# Praying Mantis Nymph dark patches



## Jomichelle (Sep 11, 2011)

Hi all

I bought a wide armed L3 praying mantis a week ago. Last night I was trying to feed it (it won't catch food itself, I have to hold dead flies to it's mouth) and all of a sudden it went crazy, rubbing it's mouth as though in pain. This went on for hours. I left it alone and it has hung in the same place on a leaf and is still there. It's not rubbing or thrashing around anymore, but just still. It has gone from a light green colour to a bit darker and has dark patches on it's back and head. It has not moved all night which is unusual.

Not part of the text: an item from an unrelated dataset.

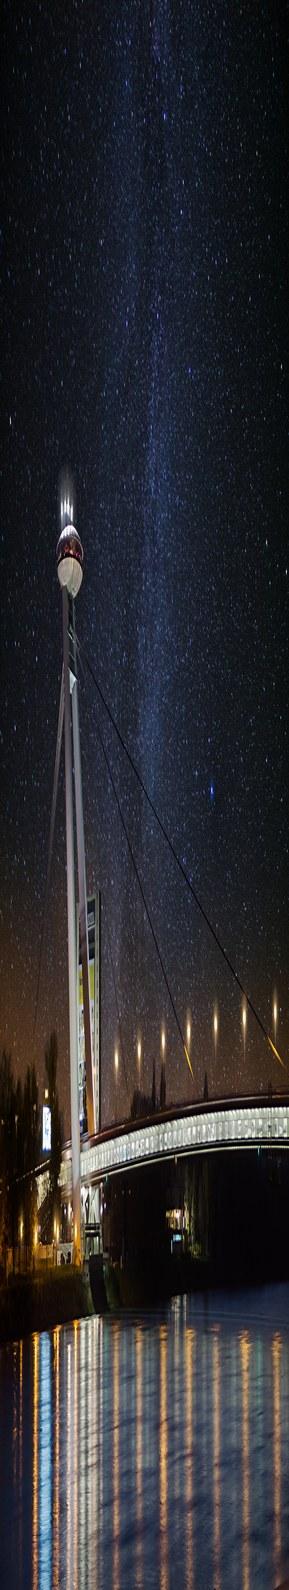 stock-photo-snp-bridge-at-night-77922779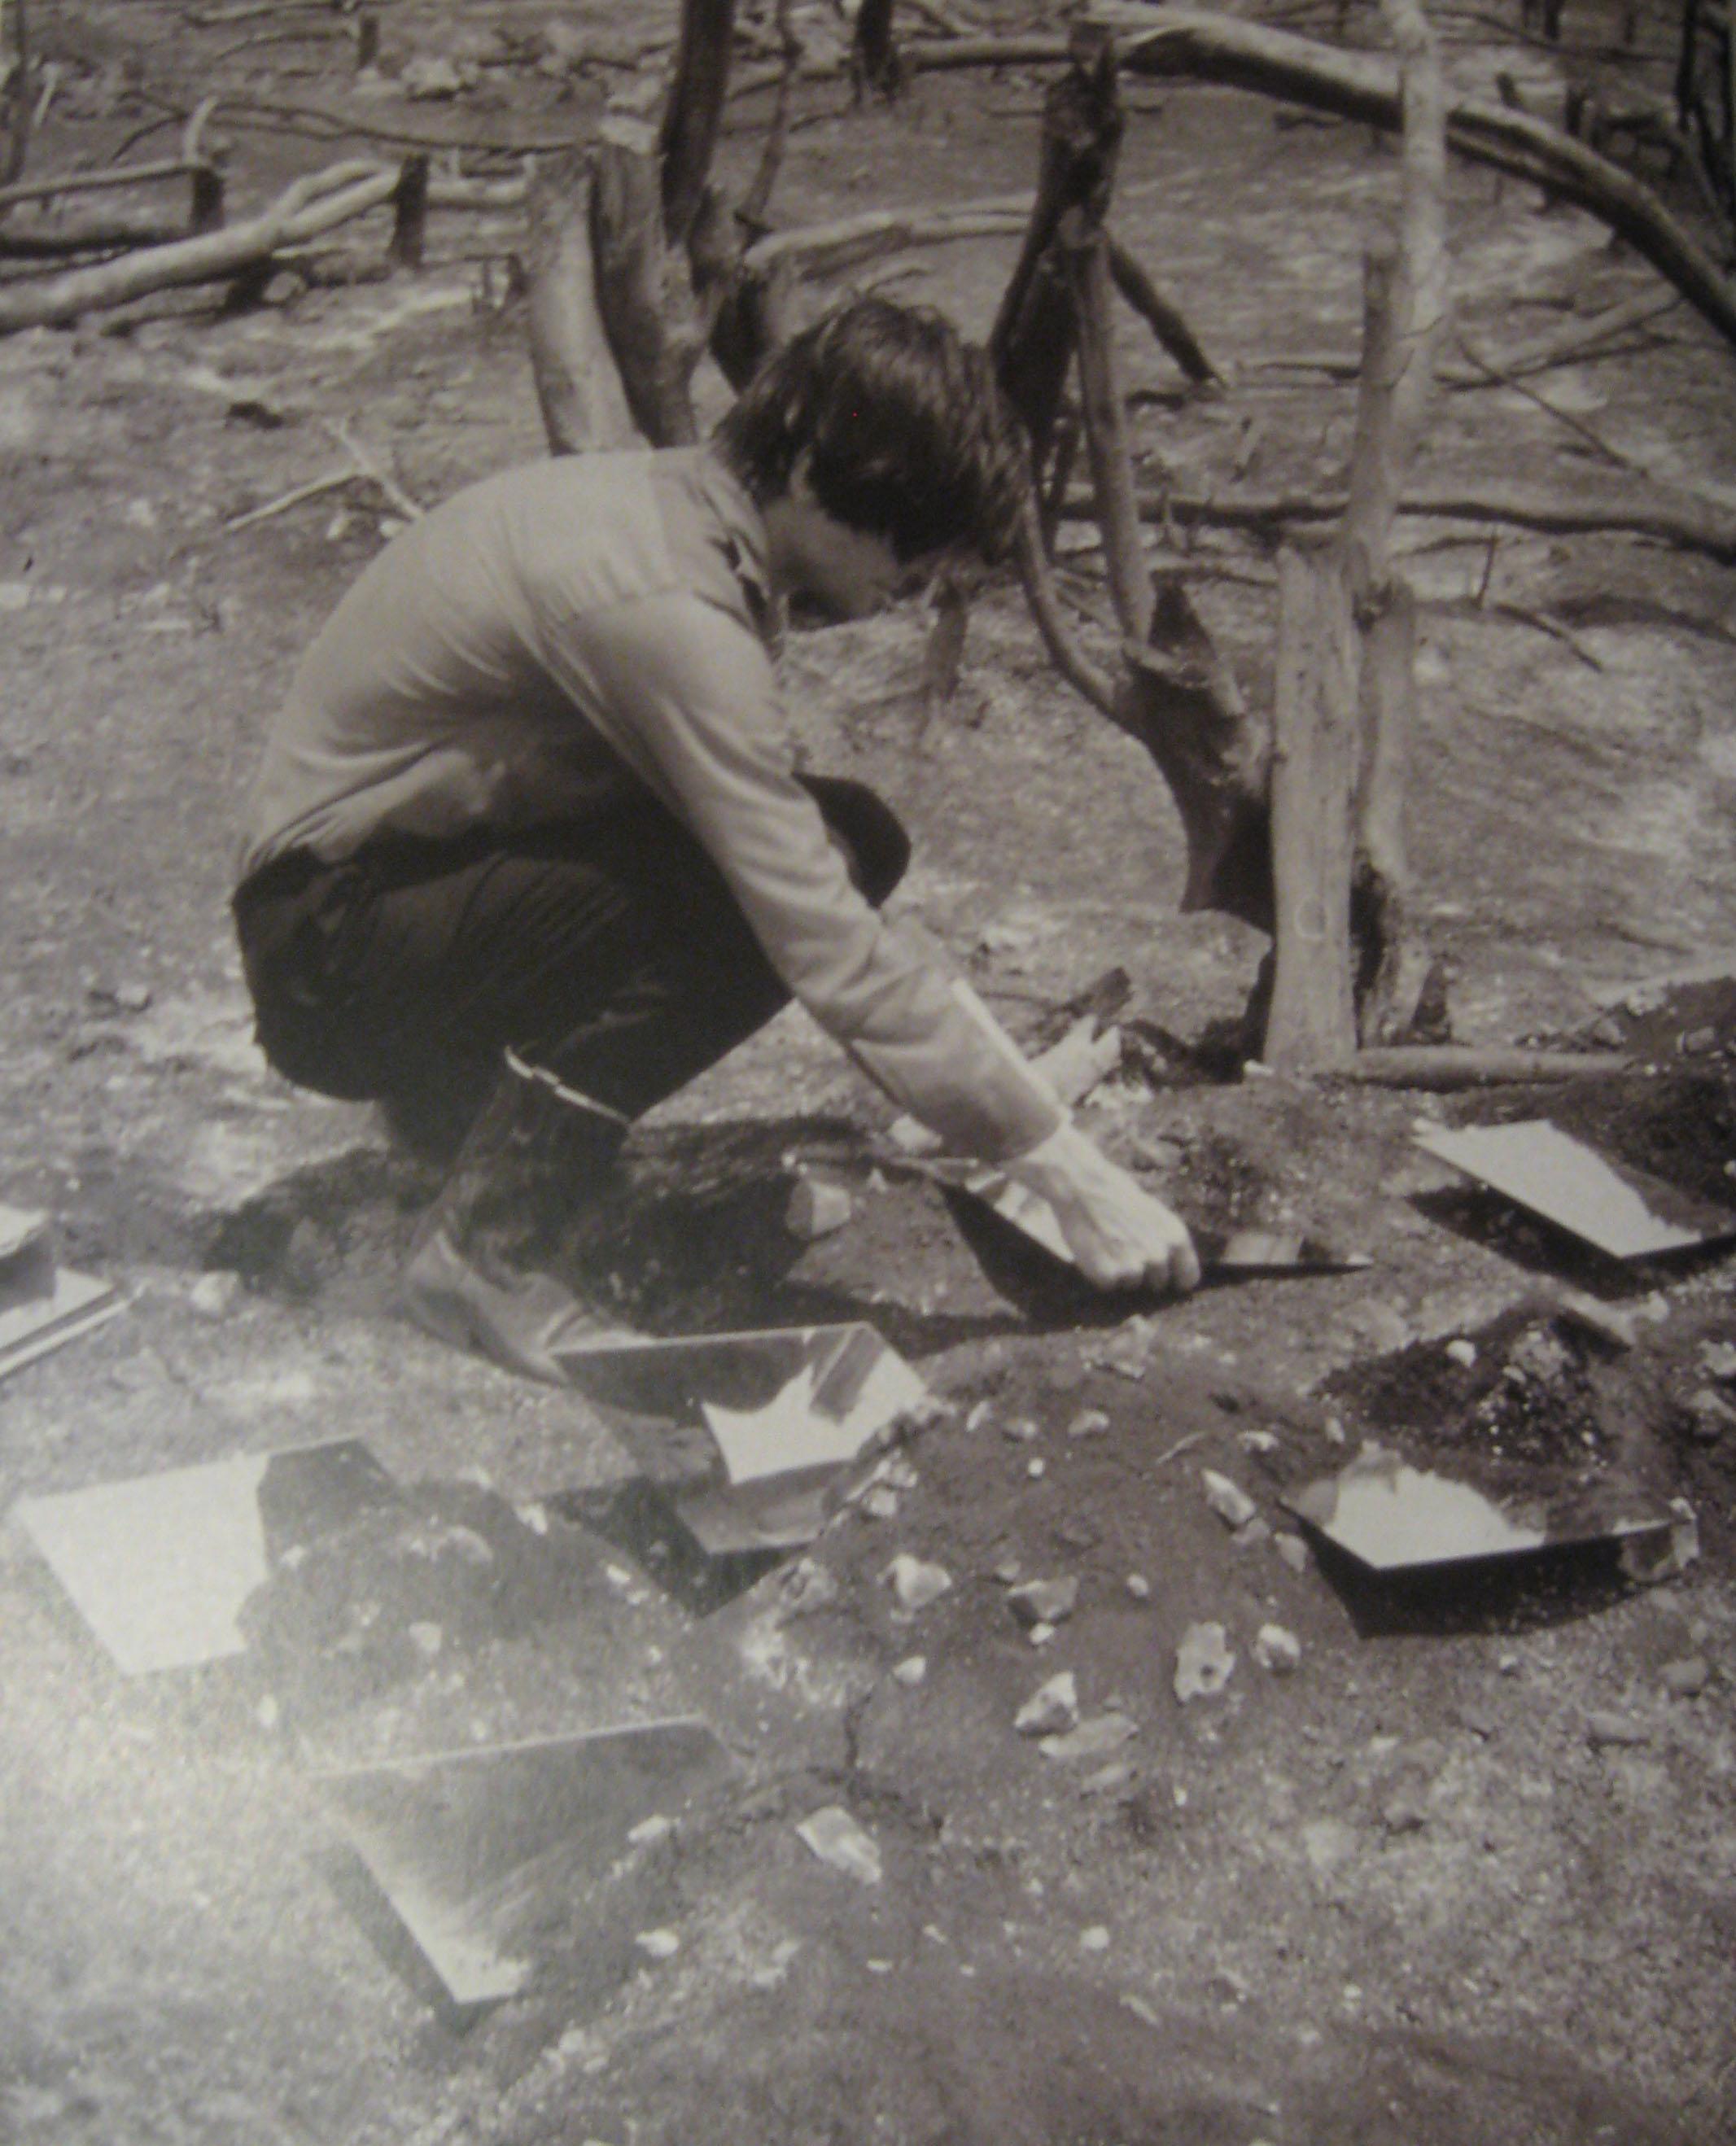 Smithson-Yucatan_Mirror_Displacements-1969_2.jpg

Any advice would be appreciated!

Thanks, Jo.


----------



## selina20 (May 28, 2008)

Has the abdomen gone dark at all?


----------



## Jomichelle (Sep 11, 2011)

From the top it's abdomen is light, it seems to have gone lighter in the week I've had it. It has a white stripe down the centre.


----------



## selina20 (May 28, 2008)

Jomichelle said:


> From the top it's abdomen is light, it seems to have gone lighter in the week I've had it. It has a white stripe down the centre.


Sounds like necrosis has set in hun so the mantis is dying


----------



## Jomichelle (Sep 11, 2011)

Oh no  I thought it might be getting ready to molt or something, I've never had one before. What could have caused this? Is it in pain?


----------



## selina20 (May 28, 2008)

Jomichelle said:


> Oh no  I thought it might be getting ready to molt or something, I've never had one before. What could have caused this? Is it in pain?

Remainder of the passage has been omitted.